# Warner Robins, GA - Pet ID: 8-0243, M Adult, B&T



## Spiritsmam (Nov 10, 2007)

There is an adult male in Warner Robins Animal Control, GA. Unfortunately Warner Robins has had a Parvo outbreak, so dogs can only be released to rescue, have to be parvo tested and then placed somewhere (quarantined) for 10-14 days for the safety of other dogs. I am trying to help a senior lab in the same shelter, also caught up in the nightmare.
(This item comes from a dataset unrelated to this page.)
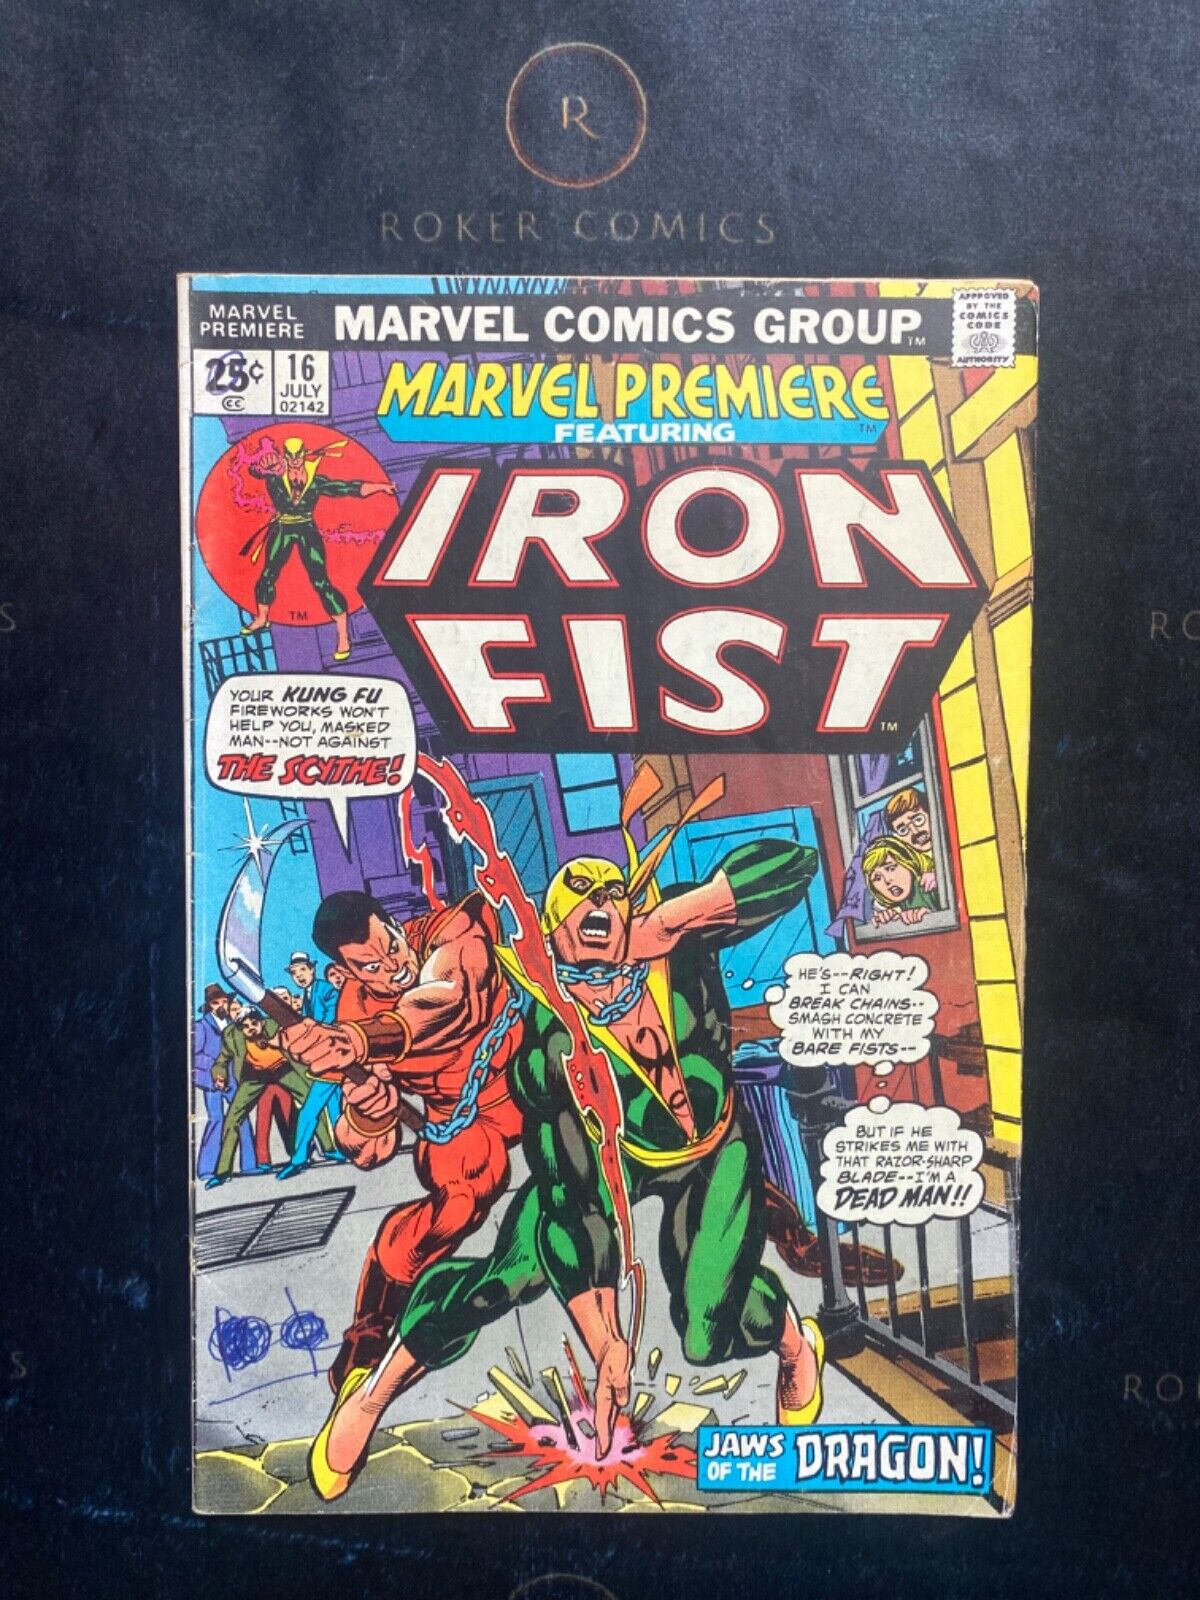 RARE 1974 Marvel Premiere #16 KEY ISSUE: Second Appearance of Iron Fist

If anyone can help this boy the number for Warner Robins is: 478-929-7280.


----------



## CindyM (Mar 20, 2007)

*Re: Warner Robins, GA, Male black&tan, Pet ID: 8-0243*

Stunning


----------



## melonyjhsn (Mar 8, 2007)

*Re: Warner Robins, GA, Male black&tan, Pet ID: 8-0243*

Bump for this guy. Anyone working on him? Any temp info?


----------



## rebeccakukkie (Aug 16, 2005)

*Re: Warner Robins, GA, Male black&tan, Pet ID: 8-0243*








Another gorgeous boy!!


----------



## DHau (Feb 24, 2007)

*Re: Warner Robins, GA, Male black&tan, Pet ID: 8-0243*

I live in Warner Robins. I can go check him out if needed to see what his personality is like.


----------



## rebeccakukkie (Aug 16, 2005)

*Re: Warner Robins, GA, Male black&tan, Pet ID: 8-0243*








Bump back to the spotlight!!


----------



## rebeccakukkie (Aug 16, 2005)

*Re: Warner Robins, GA, Male black&tan, Pet ID: 8-0243*

Back to the top!! Any rescue has room for this boy?


----------



## pupresq (Dec 2, 2005)

*Re: Warner Robins, GA, Male black&tan, Pet ID: 8-0243*

I understand that they're trying to be careful but as an adult dog, he's really at very little risk of parvo. He's just gorgeous and I love his smile.


----------



## melonyjhsn (Mar 8, 2007)

*Re: Warner Robins, GA, Male black&tan, Pet ID: 8-0243*

Bump!


----------



## ncgsdmom (Jun 24, 2008)

*Re: Warner Robins, GA, Male black&tan, Pet ID: 8-0243*

bump!


----------



## melonyjhsn (Mar 8, 2007)

*Re: Warner Robins, GA, Male black&tan, Pet ID: 8-0243*

http://www.petfinder.com/petnote/displaypet.cgi?petid=11449130

Petfinder link says he's up for adoption today.


----------



## Myamom (Oct 10, 2005)

*Re: Warner Robins, GA, Male black&tan, Pet ID: 8-0243*

bump


----------



## melonyjhsn (Mar 8, 2007)

*Re: Warner Robins, GA, Male black&tan, Pet ID: 8-0243*

Listing Removed.... Hope he made it out.


----------